O caso aconteceu no zoológico Johnsons of Old Hurst, em Cambridgeshire, na Inglaterra. De acordo com as autoridades locais, a criança foi puxada do recinto por funcionários após um incidente desesperador que mobilizou equipes de emergência e chocou os visitantes do local.
Atualmente, o foco dos familiares está totalmente voltado para o tratamento médico. O menino segue internado em estado estável, mas as lesões são consideradas sérias e exigem cuidados intensivos e prolongados para sua total reabilitação.
A dona do zoológico, Tracey Johnson, foi apontada como a grande heroína do dia. Relatos indicam que ela não hesitou e pulou dentro da área dos répteis para resgatar o menino assim que percebeu que ele havia caído no fosso dos animais.
“Queremos agradecer aos funcionários do zoológico que resgataram nosso filho do recinto.
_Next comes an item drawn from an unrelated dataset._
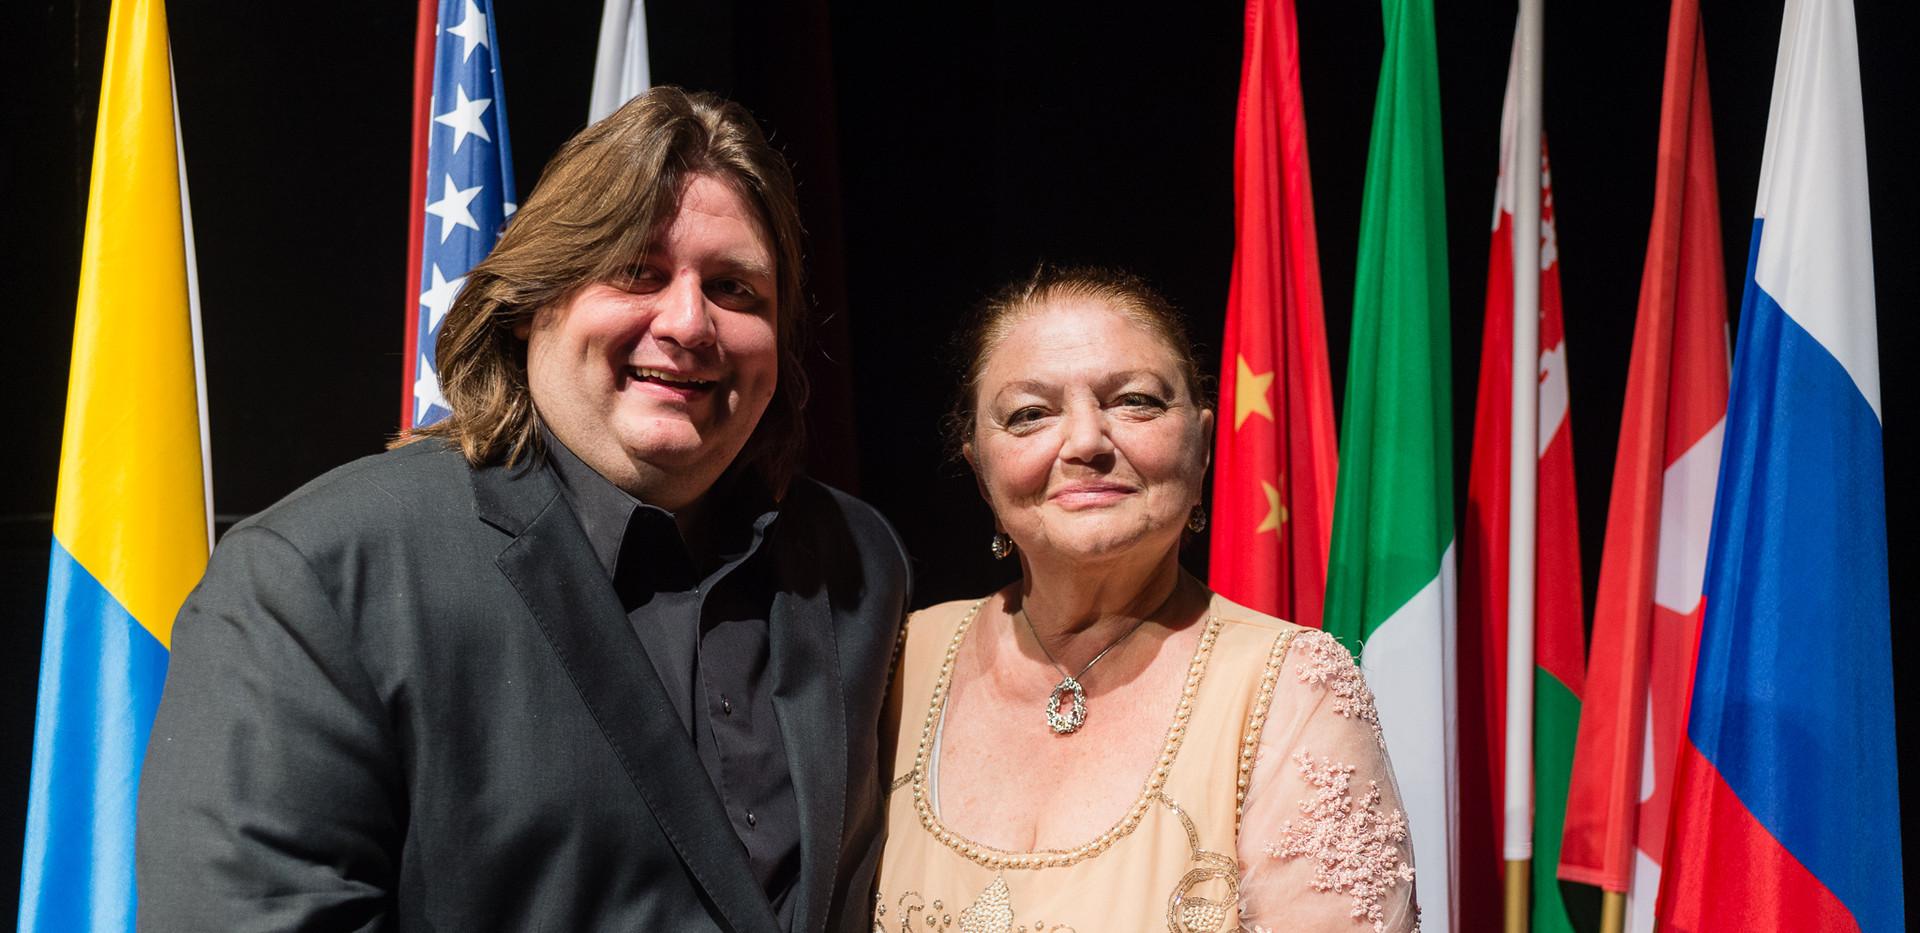 Krystian Tkaczewski i Oxana Yablonskaya
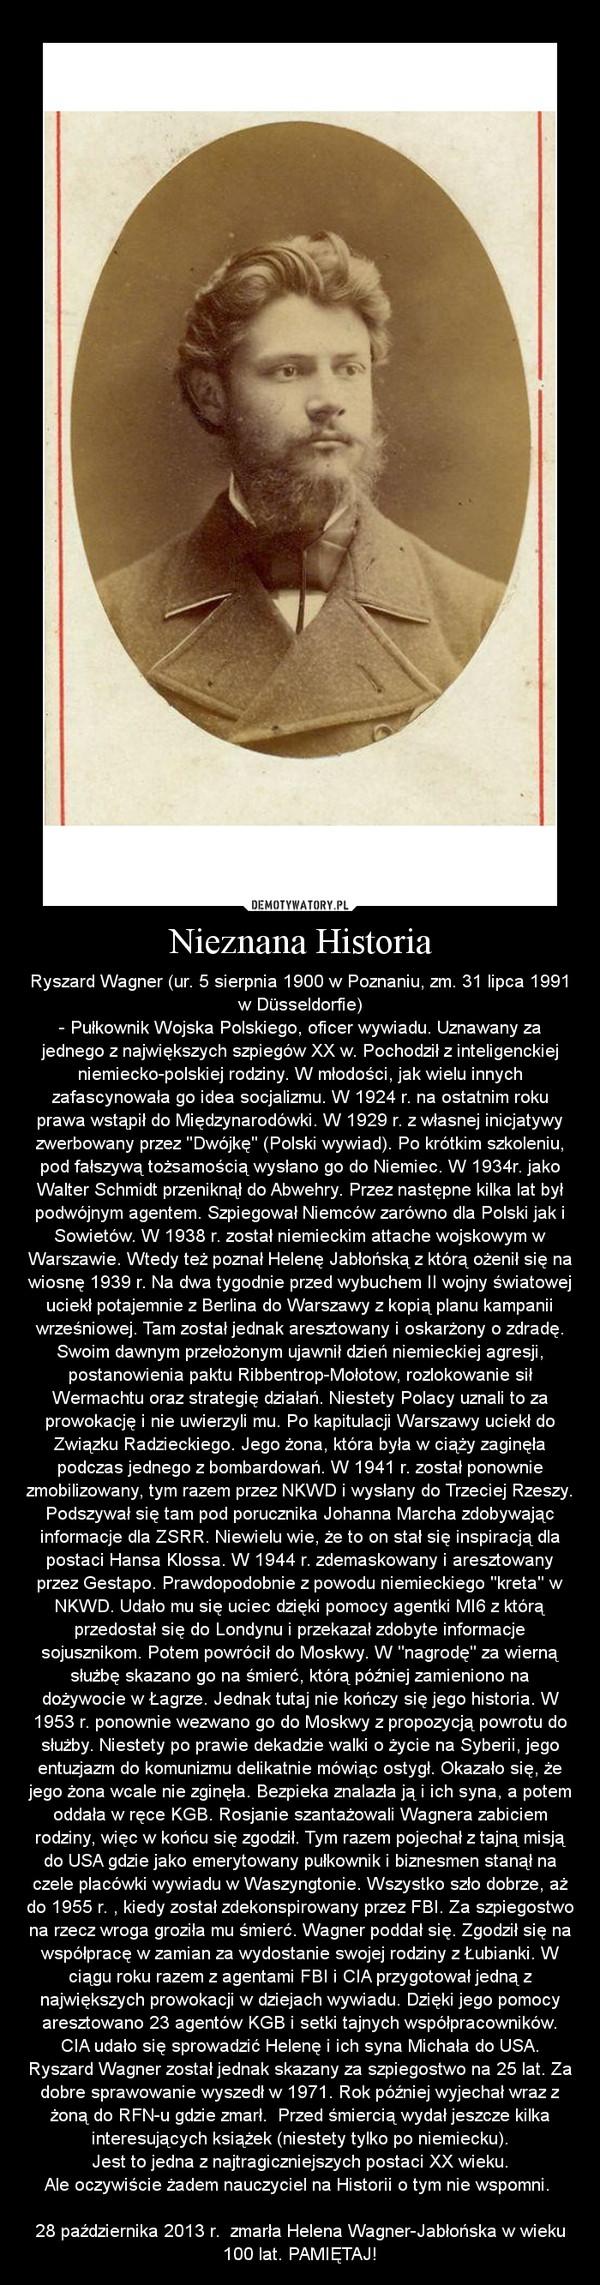 Nieznana Historia – Ryszard Wagner (ur. 5 sierpnia 1900 w Poznaniu, zm. 31 lipca 1991 w Düsseldorfie)\n- Pułkownik Wojska Polskiego, oficer wywiadu. Uznawany za jednego z największych szpiegów XX w. Pochodził z inteligenckiej niemiecko-polskiej rodziny. W młodości, jak wielu innych zafascynowała go idea socjalizmu. W 1924 r. na ostatnim roku prawa wstąpił do Międzynarodówki. W 1929 r. z własnej inicjatywy zwerbowany przez \'\'Dwójkę\'\' (Polski wywiad). Po krótkim szkoleniu, pod fałszywą tożsamością wysłano go do Niemiec. W 1934r. jako Walter Schmidt przeniknął do Abwehry. Przez następne kilka lat był podwójnym agentem. Szpiegował Niemców zarówno dla Polski jak i Sowietów. W 1938 r. został niemieckim attache wojskowym w Warszawie. Wtedy też poznał Helenę Jabłońską z którą ożenił się na wiosnę 1939 r. Na dwa tygodnie przed wybuchem II wojny światowej uciekł potajemnie z Berlina do Warszawy z kopią planu kampanii wrześniowej. Tam został jednak aresztowany i oskarżony o zdradę. Swoim dawnym przełożonym ujawnił dzień niemieckiej agresji, postanowienia paktu Ribbentrop-Mołotow, rozlokowanie sił Wermachtu oraz strategię działań. Niestety Polacy uznali to za prowokację i nie uwierzyli mu. Po kapitulacji Warszawy uciekł do Związku Radzieckiego. Jego żona, która była w ciąży zaginęła podczas jednego z bombardowań. W 1941 r. został ponownie zmobilizowany, tym razem przez NKWD i wysłany do Trzeciej Rzeszy. Podszywał się tam pod porucznika Johanna Marcha zdobywając informacje dla ZSRR. Niewielu wie, że to on stał się inspiracją dla postaci Hansa Klossa. W 1944 r. zdemaskowany i aresztowany przez Gestapo. Prawdopodobnie z powodu niemieckiego \'\'kreta\'\' w NKWD. Udało mu się uciec dzięki pomocy agentki MI6 z którą przedostał się do Londynu i przekazał zdobyte informacje sojusznikom. Potem powrócił do Moskwy. W \'\'nagrodę\'\' za wierną służbę skazano go na śmierć, którą później zamieniono na dożywocie w Łagrze. Jednak tutaj nie kończy się jego historia. W 1953 r. ponownie wezwa

Estamos verdadeiramente gratos pelo apoio público e por todos os envolvidos em sua recuperação no hospital”, afirmou a família em nota oficial enviada à imprensa.
O menino permanece no Addenbrooke’s Hospital, em Cambridge. Apesar da estabilidade clínica, a polícia reforçou que ele enfrenta um “longo caminho para a recuperação” devido à gravidade dos ferimentos causados pelas mordidas do animal.
A investigação policial trouxe detalhes perturbadores sobre o caso. Um homem de 30 anos, morador de Norfolk, foi preso sob suspeita de tentativa de homicídio logo após o incidente. O suspeito sofre de problemas cognitivos e estaria no zoológico acompanhado por cuidadores.
Após a prisão, o homem foi liberado sob fiança pouco tempo depois. Segundo a polícia de Cambridgeshire, ele foi avaliado por especialistas e considerado “sem condições de ser interrogado”.